I’ve given several speeches lately saying that U.S. airport infrastructure and travel facilitation policies are out of date and need to be changed. A couple of things today tell me I am right.
First is a story about a meeting at New York University featuring many of the nation’s top hotel operators. Their message regarding airport infrastructure and travel facilitation issues is simple: lead, follow, or get out of the way. Our airport investment lags what goes on in much of the rest of the world, and our procedures for getting visas and for getting through immigration and customs once one lands are outdated and too cumbersome (though the administration has made important strides on the visa part of that equation lately). I have pressed this argument that there is a competition going on in the world of travel and we are setting ourselves up to lose. Our airlines and our government do not get this. But it is true, and now it is not just the airport association guy saying it.

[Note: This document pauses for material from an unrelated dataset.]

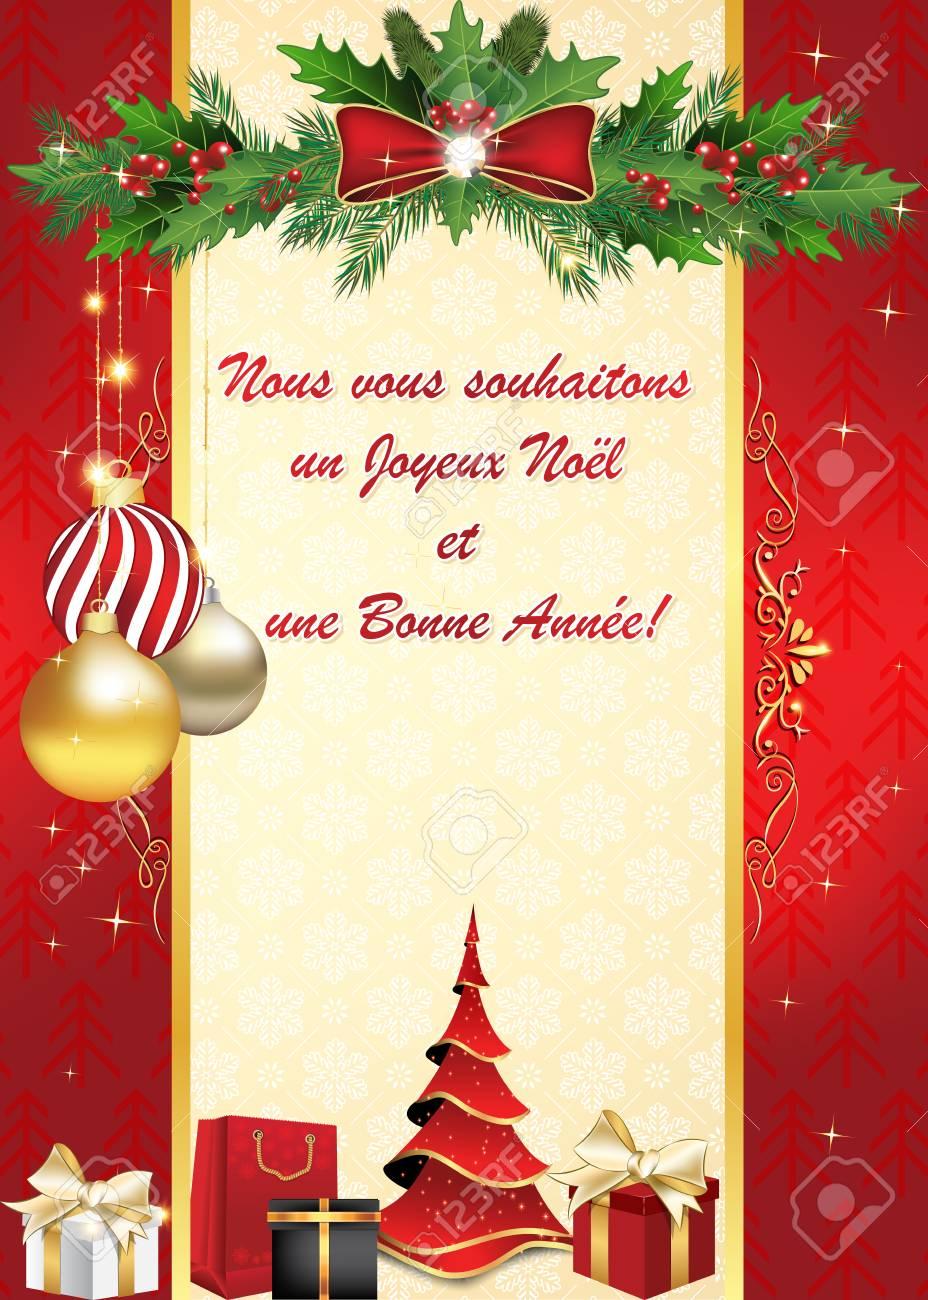 Wir Wünschen Euch Frohe Weihnachten Und Einen Guten Rutsch.Stock Photo

Secondly, I was invited to a meeting earlier today with the U.S. Senate Democratic Steering Group. There were 17 Democratic senators in attendance, from all over the country. Much of the discussion was about the highway program, and it was spirited (the highway bill expires at the end of the month). But I also had a chance to talk about the challenges placed by government policies and restrictions on airport infrastructure, and I believe the message resonated. But it is one thing to convince 17 people, no matter how powerful. It is another to actually move national policy; and that is why ACI-NA has embarked on a multi-year campaign to bring the message to the four corners of America. From the economic impact study to the work we are doing to make facilitation policies and procedures more modern (and generate more resources), our goal is to substantially broaden the audience for our message.
These two things – the NYU conference and the meeting with the senators – show we have a long way to go, but they also show the tremendous stakes involved.